— Records provided —
::::

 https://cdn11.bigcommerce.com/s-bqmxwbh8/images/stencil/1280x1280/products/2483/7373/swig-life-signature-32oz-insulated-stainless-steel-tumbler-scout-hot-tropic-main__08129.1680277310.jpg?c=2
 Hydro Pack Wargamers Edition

::::

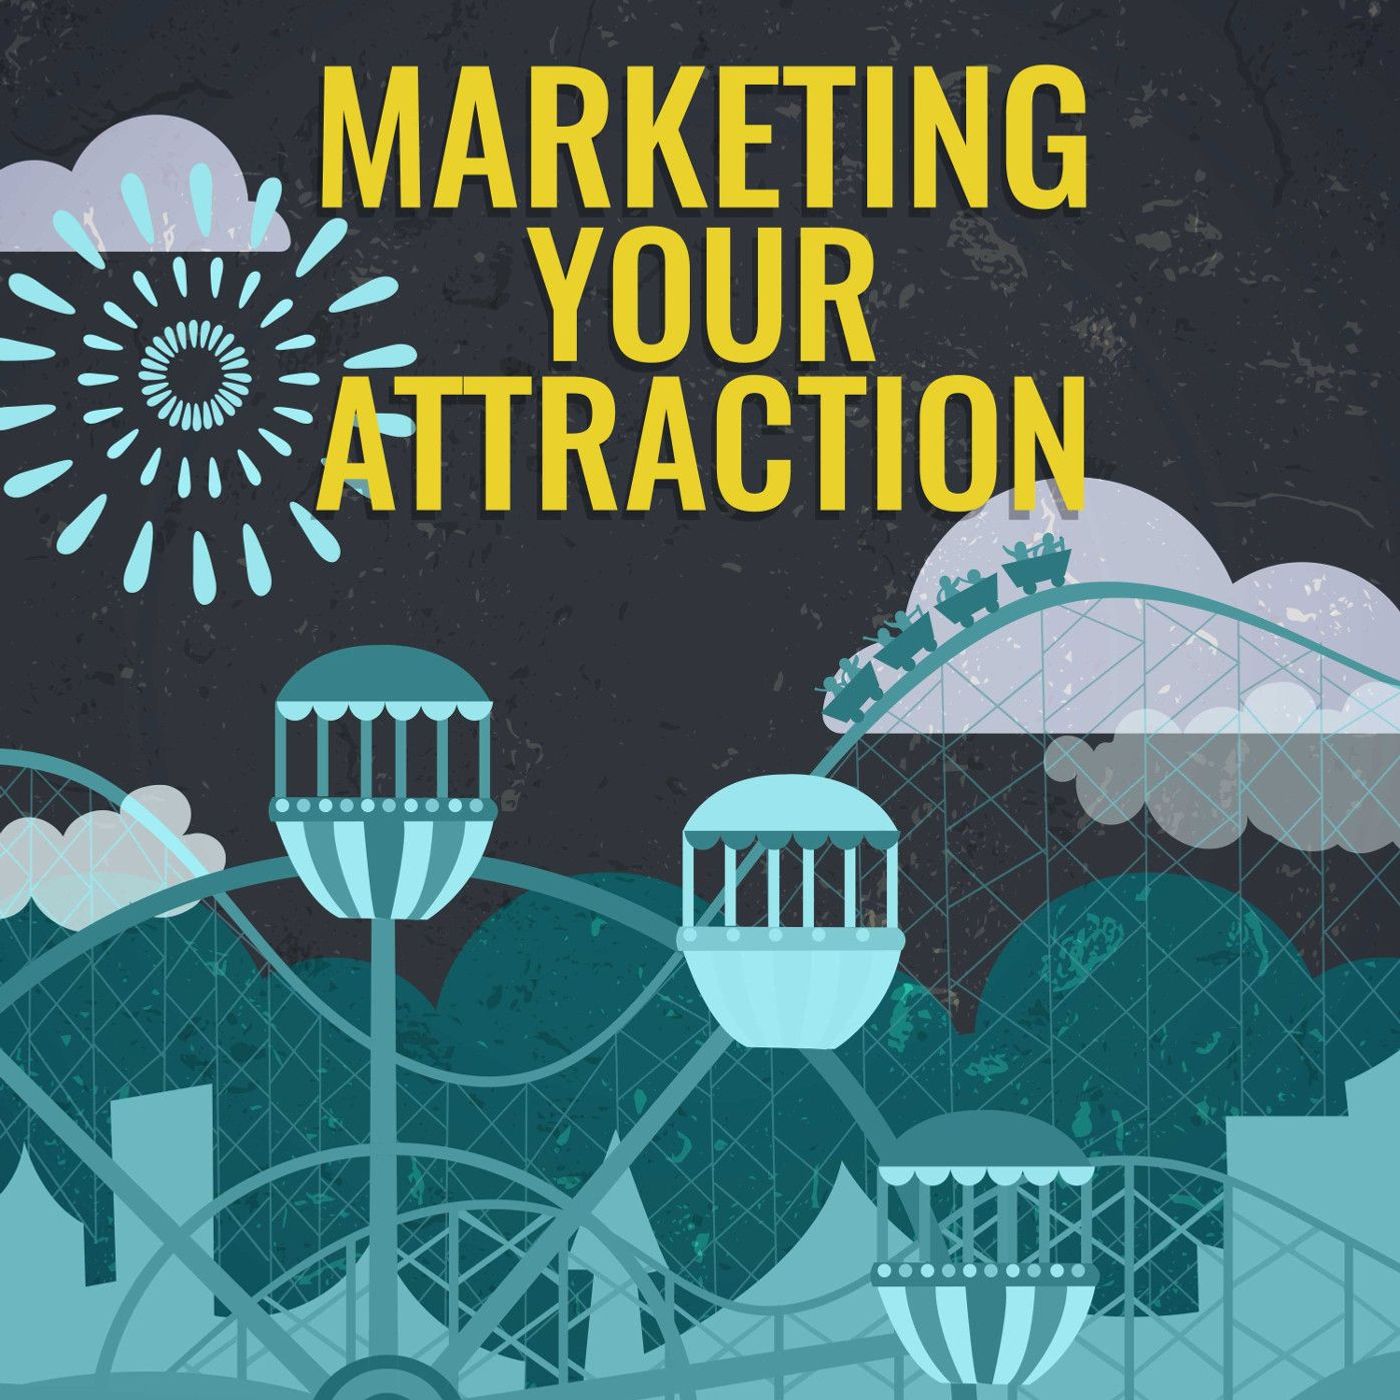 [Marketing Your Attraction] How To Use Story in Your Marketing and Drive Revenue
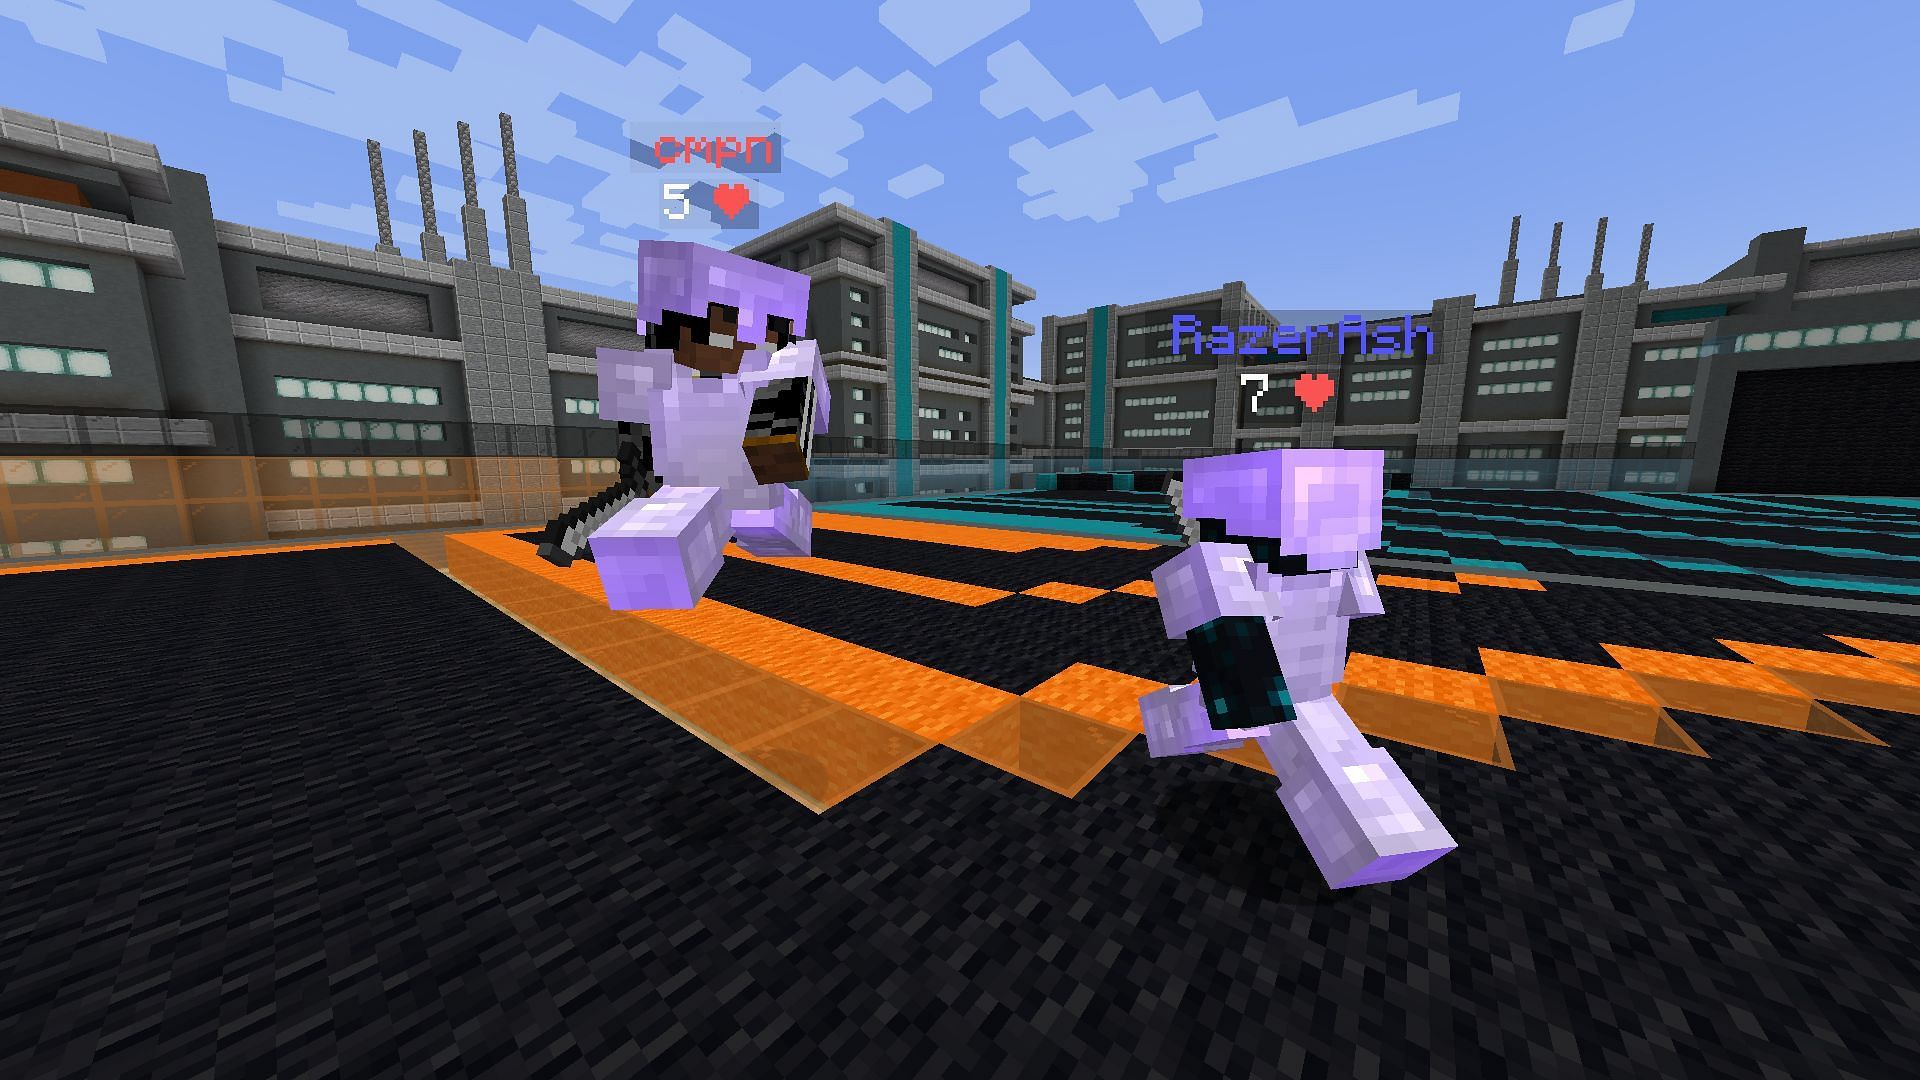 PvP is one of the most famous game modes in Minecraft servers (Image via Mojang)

::::

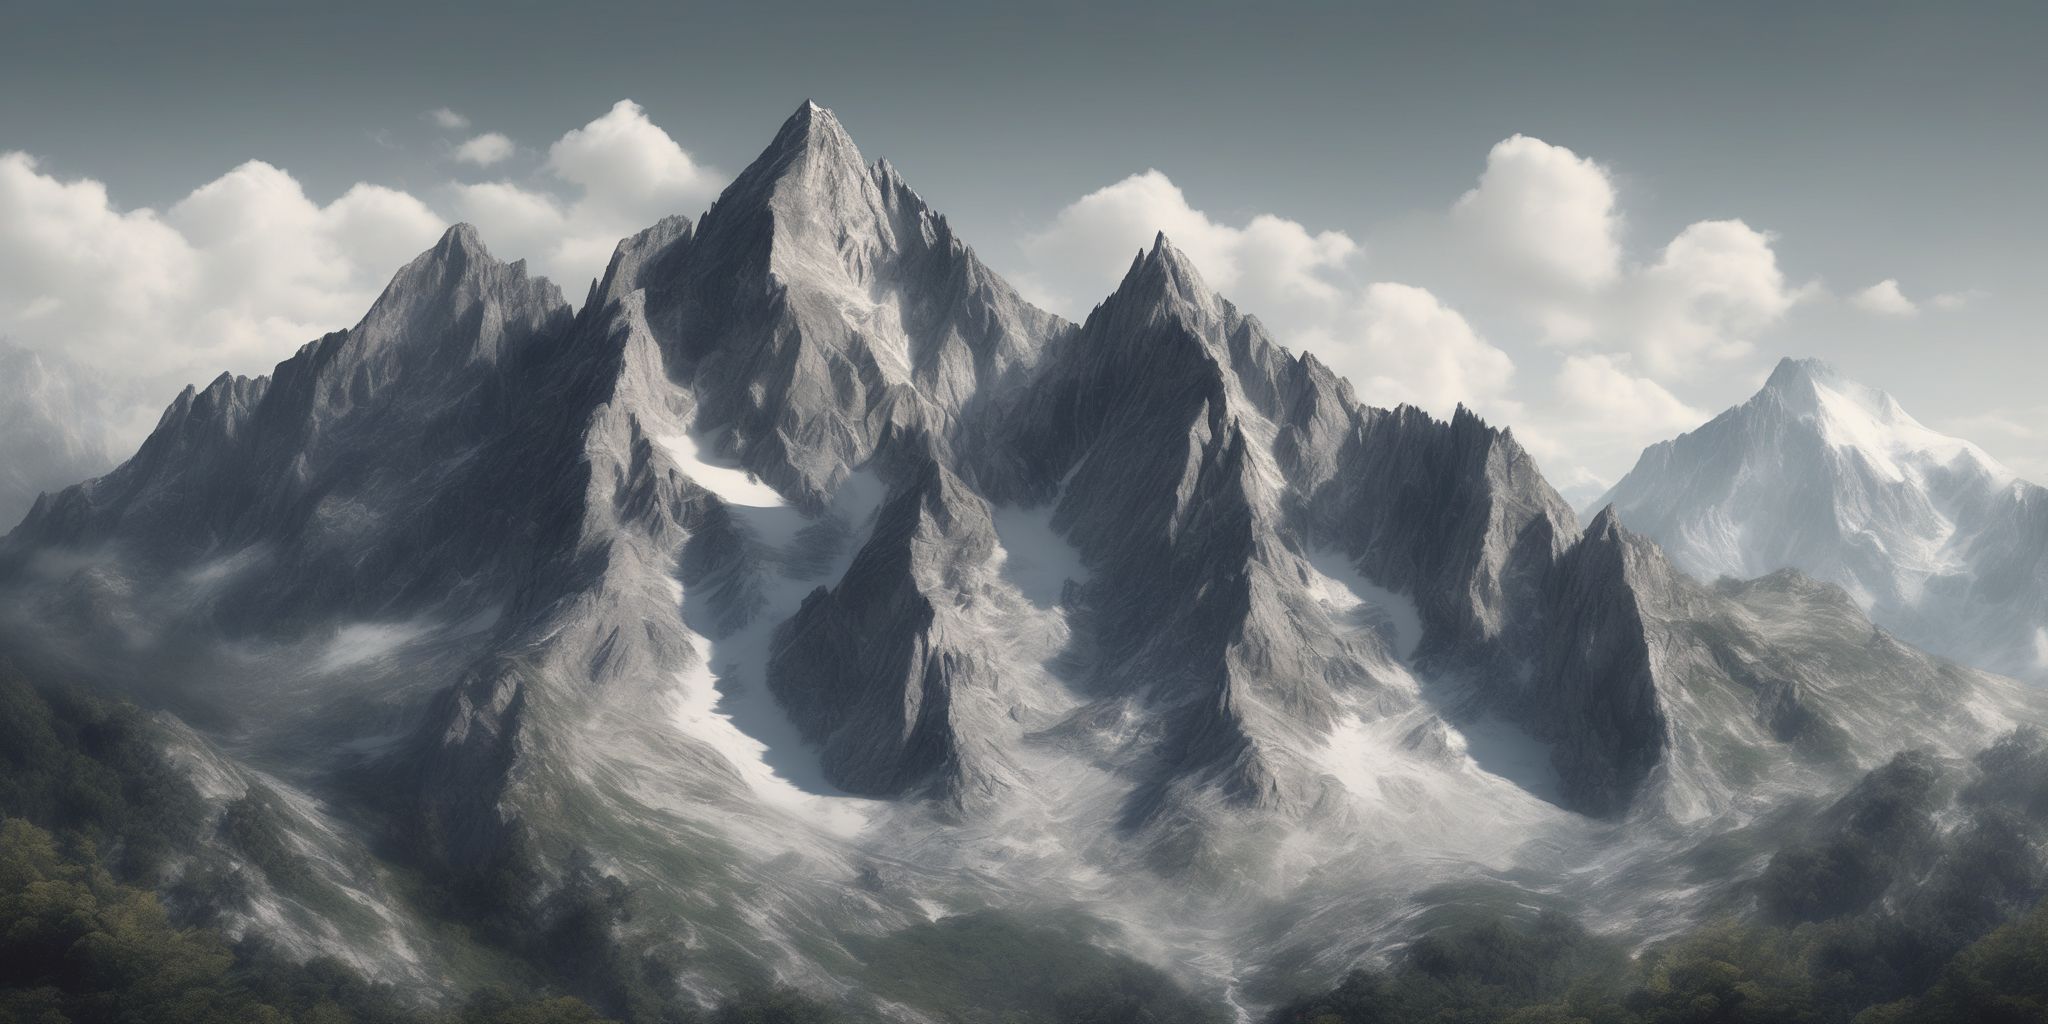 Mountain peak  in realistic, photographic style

::::

— Task statement —
Output exactly the lines above, beginning at the one with "[Marketing Your Attraction]" and stopping after the one with "PvP is one of". Pictures are to be omitted.

— Exercise response —
 [Marketing Your Attraction] How To Use Story in Your Marketing and Drive Revenue
 PvP is one of the most famous game modes in Minecraft servers (Image via Mojang)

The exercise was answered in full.